Form 10-IEA + Rule 21AGA (opt-out for business income)
Frequently asked questions
Is the new regime really tax-free up to Rs 12 lakh?+
Yes for tax year 2026-27. The new regime has a Rs 4 lakh basic exemption and a Rs 60,000 rebate under Section 87A that wipes out tax on total income up to Rs 12 lakh. A salaried person also gets a Rs 75,000 standard deduction, so the effective tax-free salary is about Rs 12.75 lakh. Special-rate income such as equity gains is excluded from the rebate.
Should I always choose the new regime?+
Not always, but for most people below about Rs 12 lakh, and for anyone without a large deduction stack, yes. The old regime wins only when your total deductions (home-loan interest, 80C, 80D, NPS and so on) are large enough to offset the new regime's higher exemption and Rs 60,000 rebate, which usually means higher income with substantial genuine deductions.

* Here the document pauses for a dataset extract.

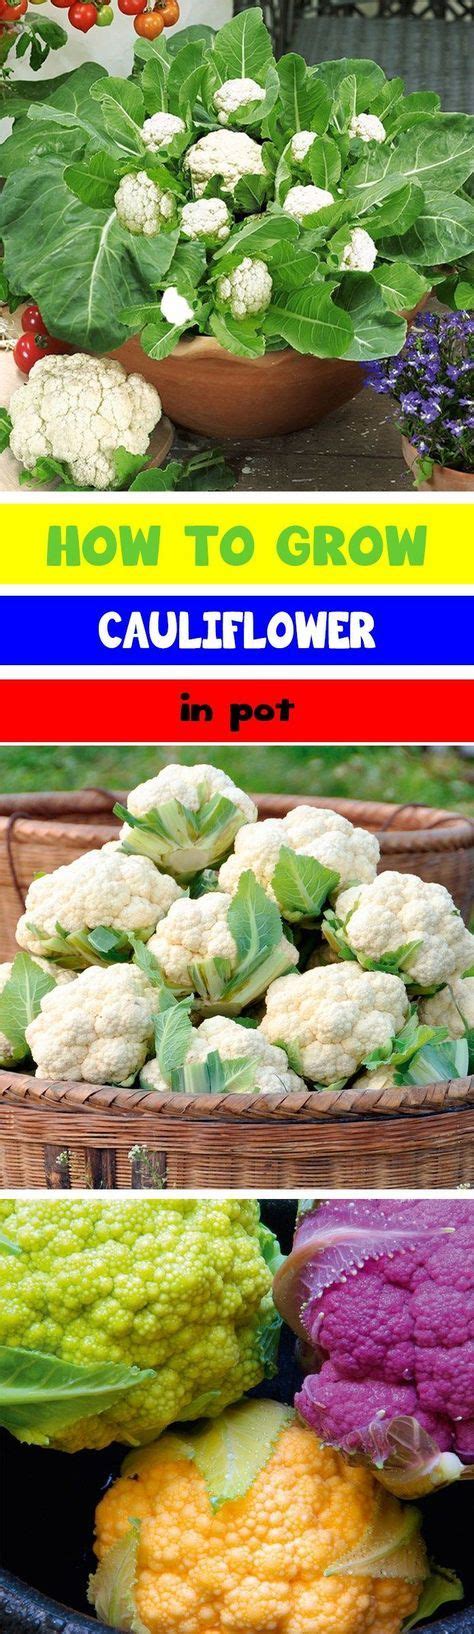 How To Grow Cauliflower In Pot Growing Cauliflower In A Container How

Run both before deciding.
Can I switch regime every year?+
If you have no business or professional income, yes, you choose each year in your return. If you have business or professional income, you opt out of the new regime via Form 10-IEA, and you can move out and back in only once in a lifetime, after which you are locked into the new regime while business income continues. So business owners should choose carefully.
What happens just above Rs 12 lakh in the new regime?+
Marginal relief applies, so a small amount of income just over Rs 12 lakh does not trigger a sudden large tax bill. The tax is limited to roughly the amount by which your income exceeds Rs 12 lakh (plus cess), rather than the full slab tax, which removes the cliff effect at the rebate threshold.